S-8 POS
As filed with the Securities and Exchange Commission on March 30, 2010
Registration No. 333- 152555
 
 
UNITED STATES
SECURITIES AND EXCHANGE COMMISSION
WASHINGTON, D.C. 20549
 
POST-EFFECTIVE AMENDMENT NO. 1
TO
FORM S-8
REGISTRATION STATEMENT
UNDER
THE SECURITIES ACT OF 1933
Argyle Security, Inc.
(Exact name of registrant as specified in its charter)
     
Delaware
(State of Incorporation)
  20-3101079
(I.R.S. Employer Identification No.)
12903 Delivery Drive
San Antonio, TX 78247

(Address of Principal Executive Offices) (Zip Code)
 
2007 Omnibus Securities and Incentive Plan
Stock Option Agreements between Argyle Security, Inc. and Certain Individuals
Restricted Stock Agreements between Argyle Security, Inc. and Certain Individuals

(Full title of the plan)
 
Sam Youngblood
President and Chief Executive Officer
Argyle Security, Inc.
12903 Delivery Drive
San Antonio, TX 78247

(Name and Address of Agent for Service)
(210) 495-5245
(Telephone Number, Including Area Code, of Agent for Service)
 
Copies to:
Matthew A. Kepke, Esq.
Vice President, General Counsel and Secretary
Argyle Security, Inc.
40 West 37th Street
New York, New York 10018
(212) 245-2700
Indicate by check mark whether the registrant is a large accelerated filer, an accelerated filer, a non-accelerated filer or a smaller reporting company.

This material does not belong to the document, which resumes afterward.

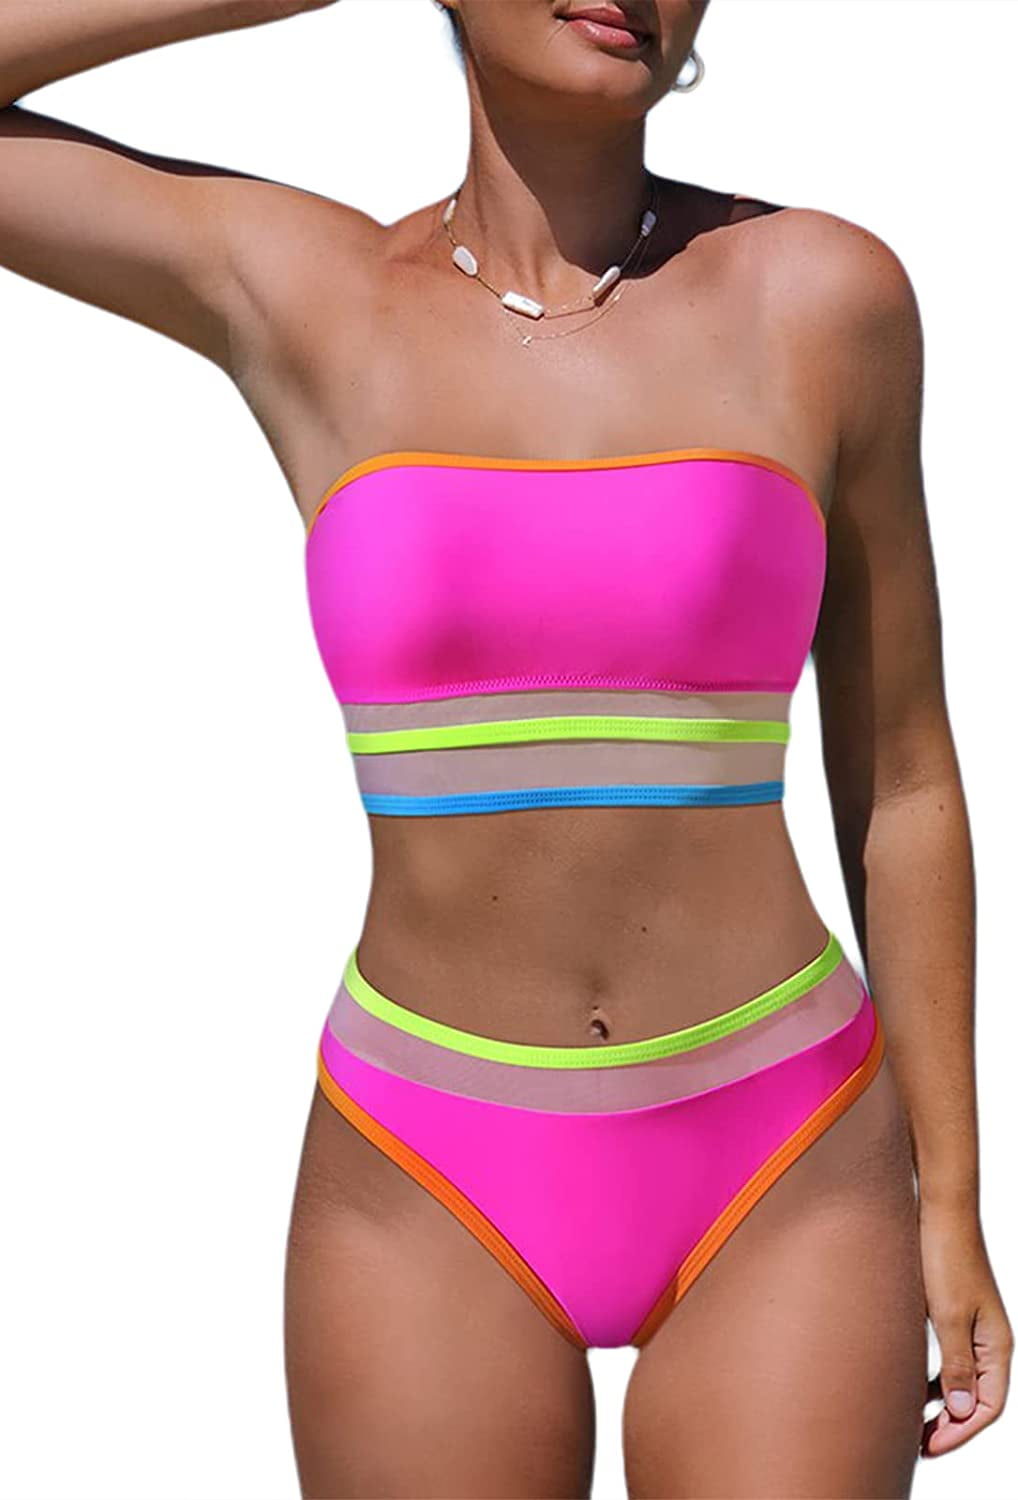 Roaso Women's Strapless Bandeau Push up Waisted Swimwear Swimsuit Bikini Set - Walmart.com

See the definitions of “large accelerated filer,” “accelerated filer” and “smaller reporting company” in Rule 12b-2 of the Exchange Act. (Check one):
         
Large accelerated filer o
      Accelerated filer o
Non-accelerated filer o
  (Do not check if smaller reporting company)   Smaller reporting company þ
 
 

 

 


 

EXPLANATORY NOTE
This Post-Effective Amendment No. 1 relates to the Registration Statement (the “Registration Statement”) on Form S-8 (File No. 333-152555) of Argyle Security, Inc., a Delaware corporation (the “Company”), filed on July 25, 2008, registering up to 1,000,000 shares of the Company’s common stock under (i) the Company’s 2007 Omnibus Securities and Incentive Plan (the “Plan”), (ii) Stock Option Agreements between the Company and certain individuals and (iii) Restricted Stock Agreements between the Company and certain individuals. The Company intends to file a Form 15 to terminate the registration of its securities under Section 12(g) of the Securities Exchange Act of 1934, as amended (the “Exchange Act”), and suspend its duty to file reports under Sections 13 and 15(d) of the Exchange Act. In accordance with the undertaking contained in the Registration Statement, this Post-Effective Amendment No. 1 is being filed to remove from registration (i) up to 305,000 shares available for issuance under the Plan, (ii) up to 475,000 shares issuable upon exercise of options to purchase shares of common stock, and (iii) 190,000 restricted shares of common stock remaining unsold under the Registration Statement.

 

 


 

SIGNATURES
Pursuant to the requirements of the Securities Act of 1933, as amended, the registrant certifies that it has reasonable grounds to believe that it meets all of the requirements for filing on Form S-8 and has duly caused this Post-Effective Amendment No. 1 to the Registration Statement to be signed on its behalf by the undersigned, thereunto duly authorized, in the City of San Antonio, State of Texas, on March 30, 2010.
         
  Argyle Security, Inc.
 
 
  By:   /s/ Sam Youngblood    
    Name:   Sam Youngblood   
    Title:   President and Chief Executive Officer   
 
No other person is required to sign this Post-Effective Amendment No. 1 in reliance upon Rule 478 under the Securities Act.